> TASK OBJECTIVE:
Your copy should contain exactly the lines from the one that holds "New Records of" through the end of the material, reproduced as written, with no pictures.

> SOURCE DATA:

*** Block opens ***

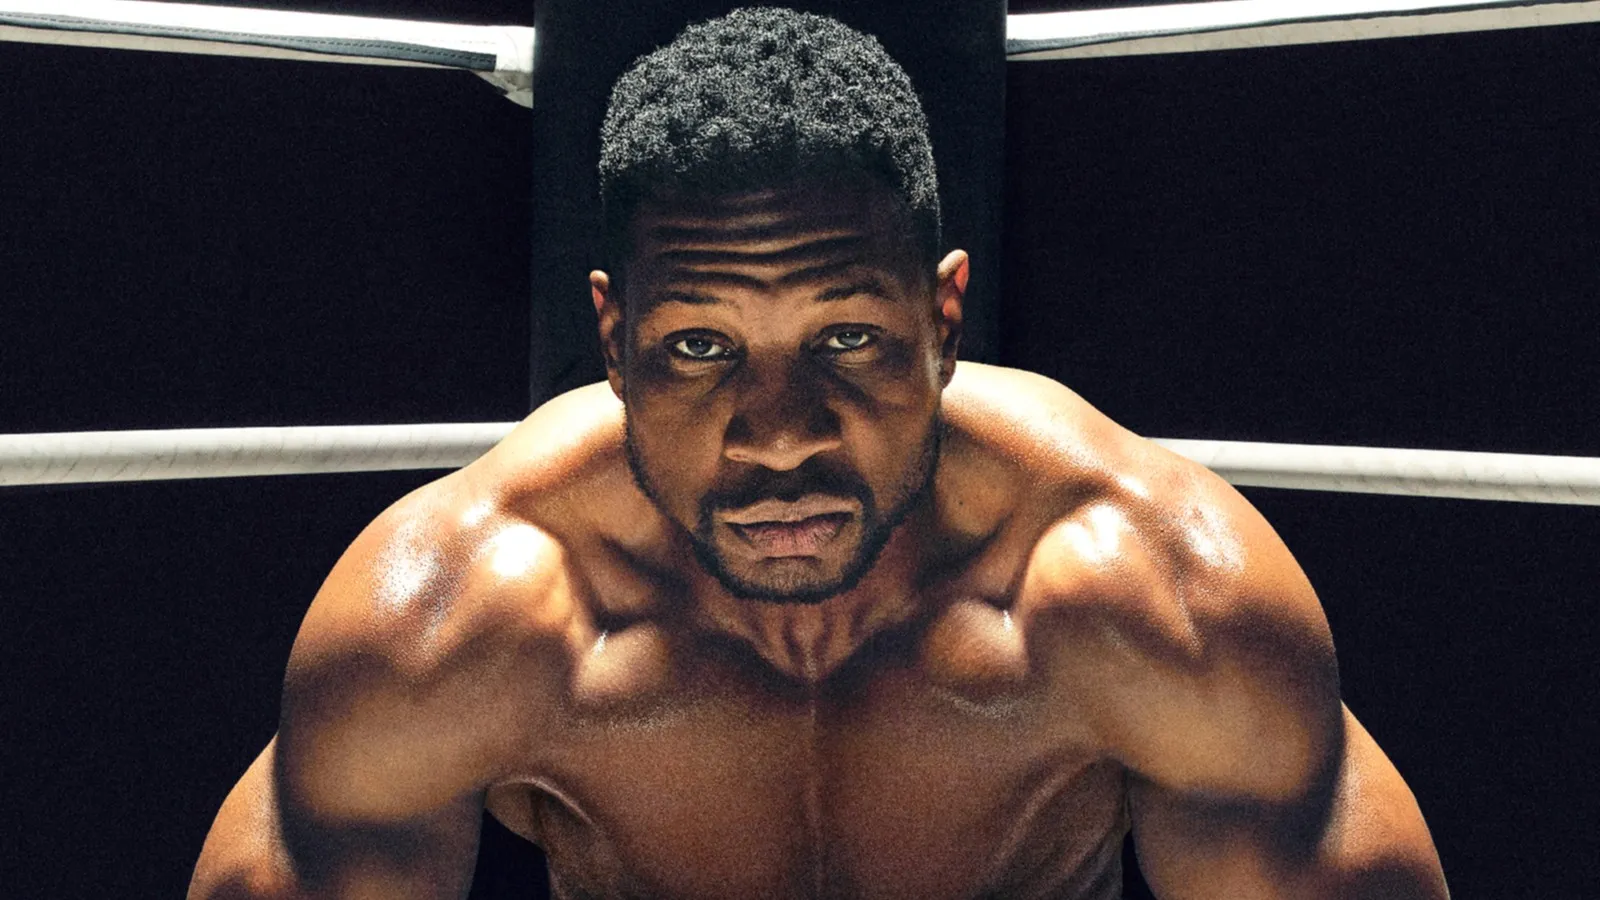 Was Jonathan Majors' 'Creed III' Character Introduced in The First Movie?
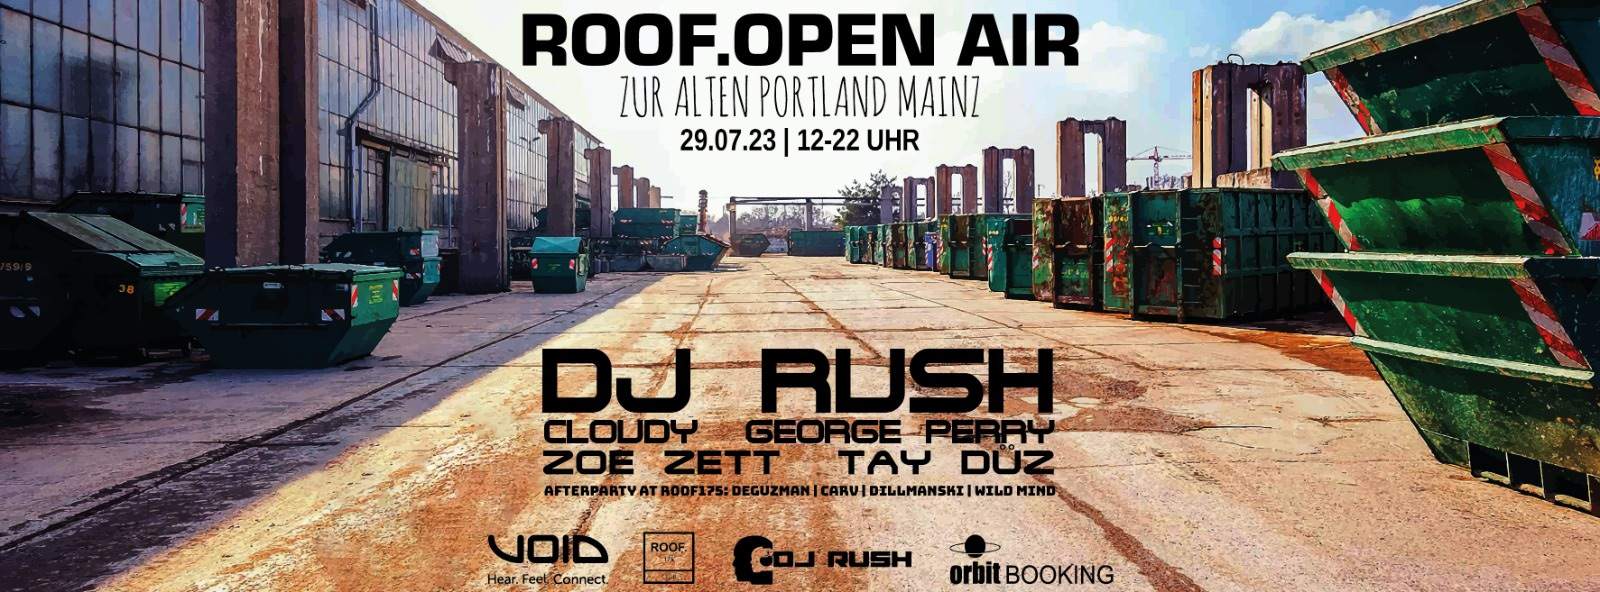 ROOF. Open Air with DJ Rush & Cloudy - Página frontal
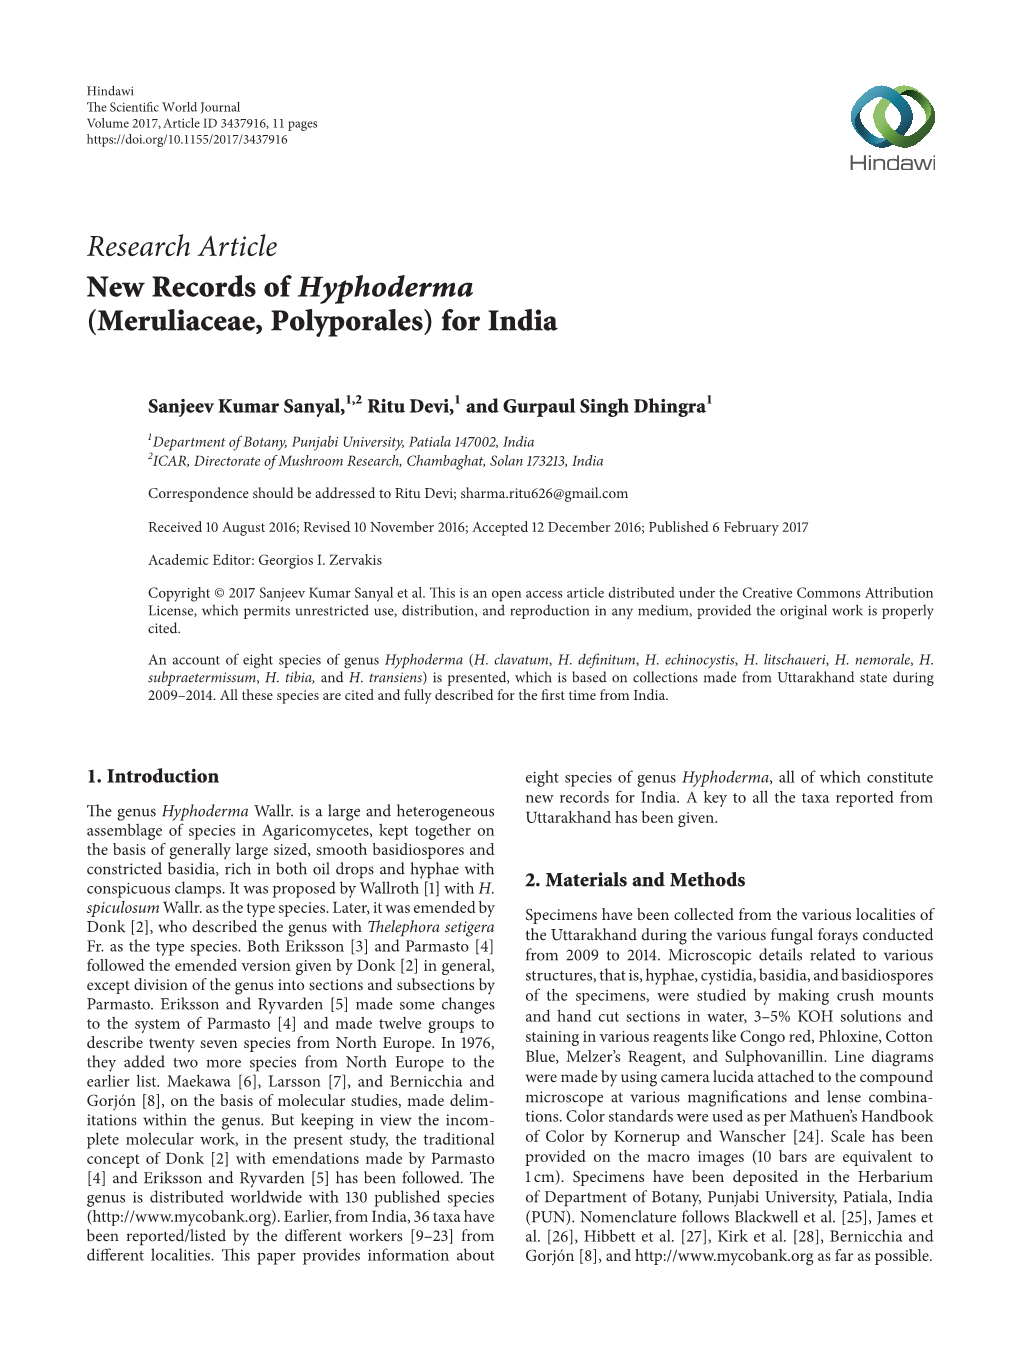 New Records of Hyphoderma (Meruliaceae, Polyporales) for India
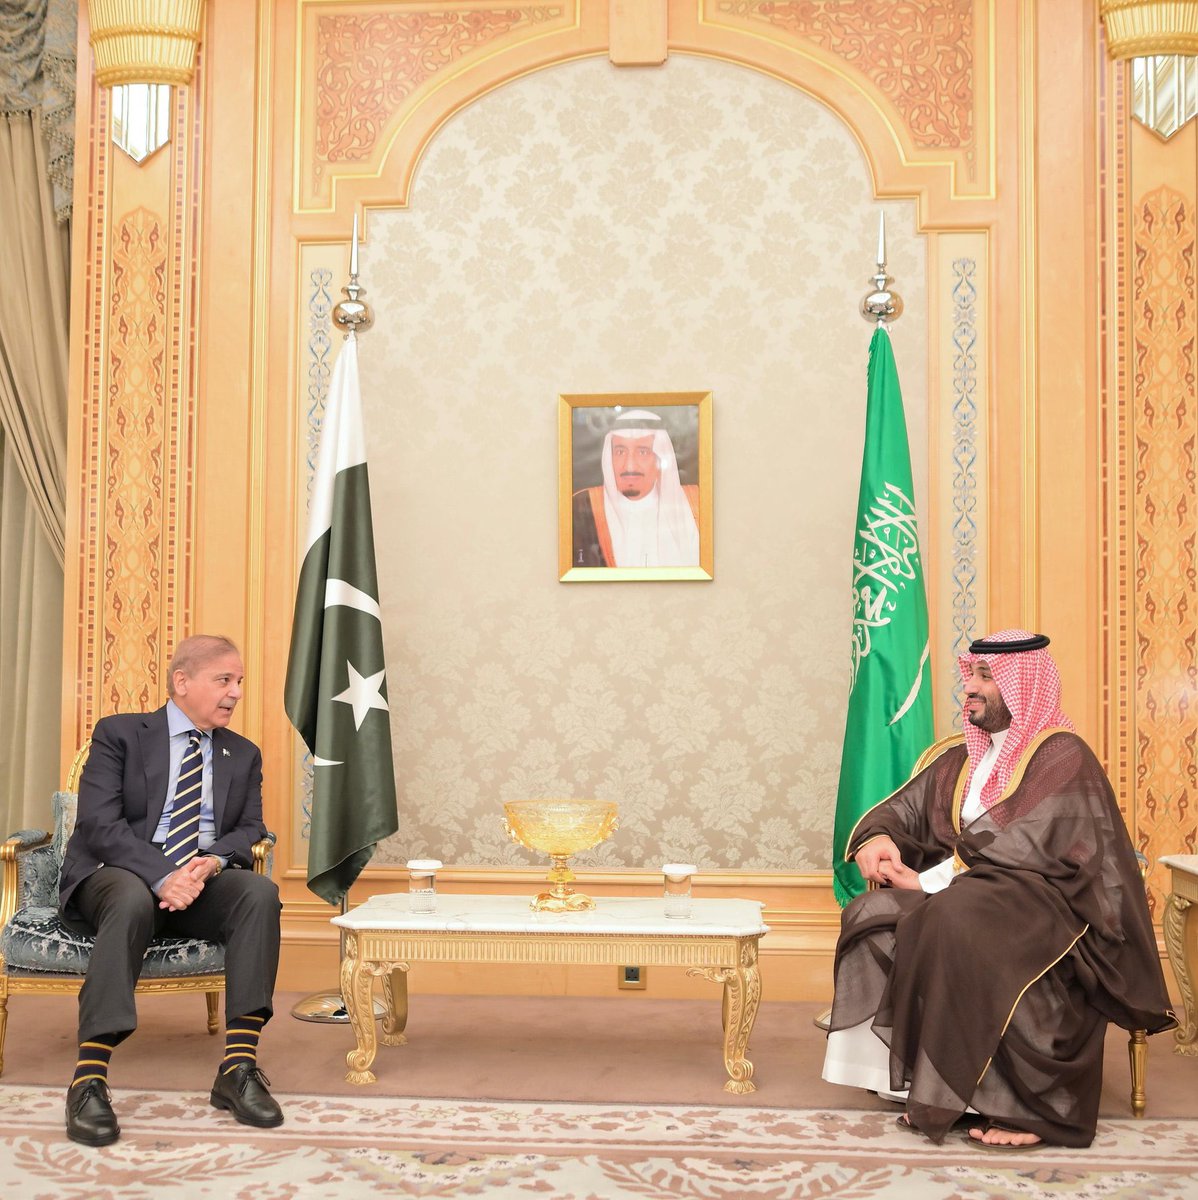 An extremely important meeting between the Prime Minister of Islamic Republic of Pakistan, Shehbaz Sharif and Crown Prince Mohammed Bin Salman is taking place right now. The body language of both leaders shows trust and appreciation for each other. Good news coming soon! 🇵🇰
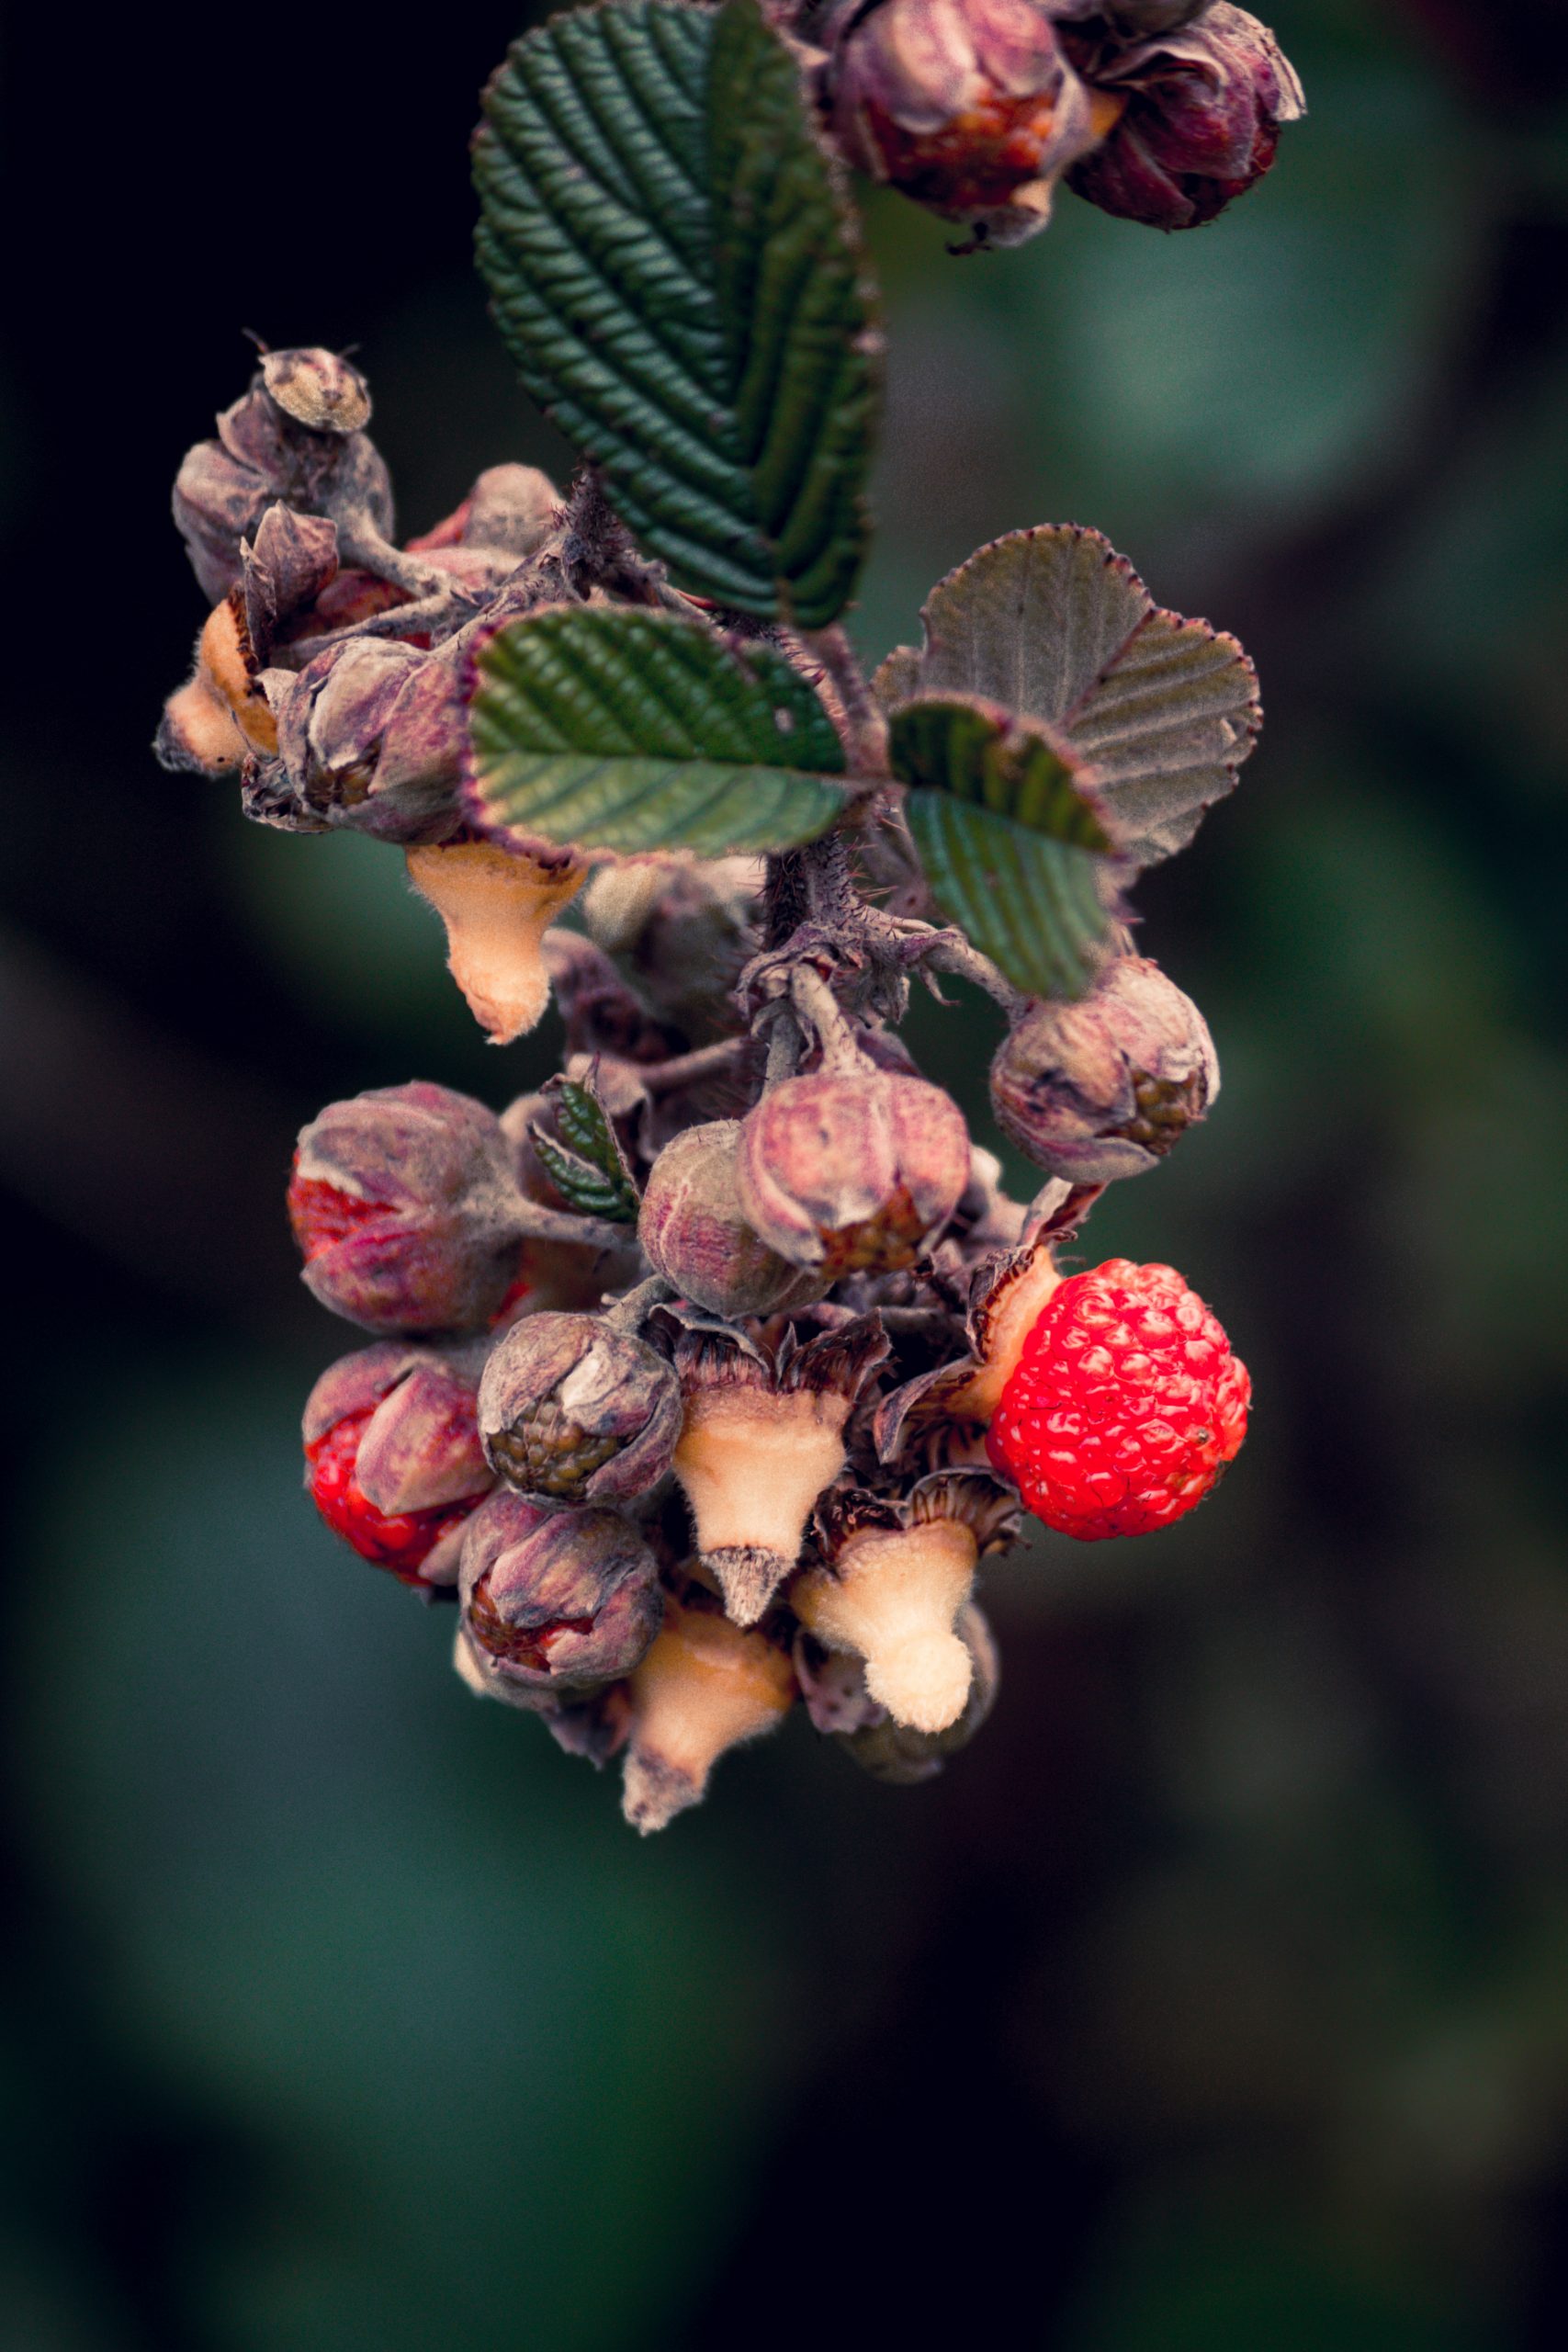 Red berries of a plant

*** Block closes ***

> EXERCISE ANSWER:
 New Records of Hyphoderma (Meruliaceae, Polyporales) for India
 An extremely important meeting between the Prime Minister of Islamic Republic of Pakistan, Shehbaz Sharif and Crown Prince Mohammed Bin Salman is taking place right now. The body language of both leaders shows trust and appreciation for each other. Good news coming soon! 🇵🇰
 Red berries of a plant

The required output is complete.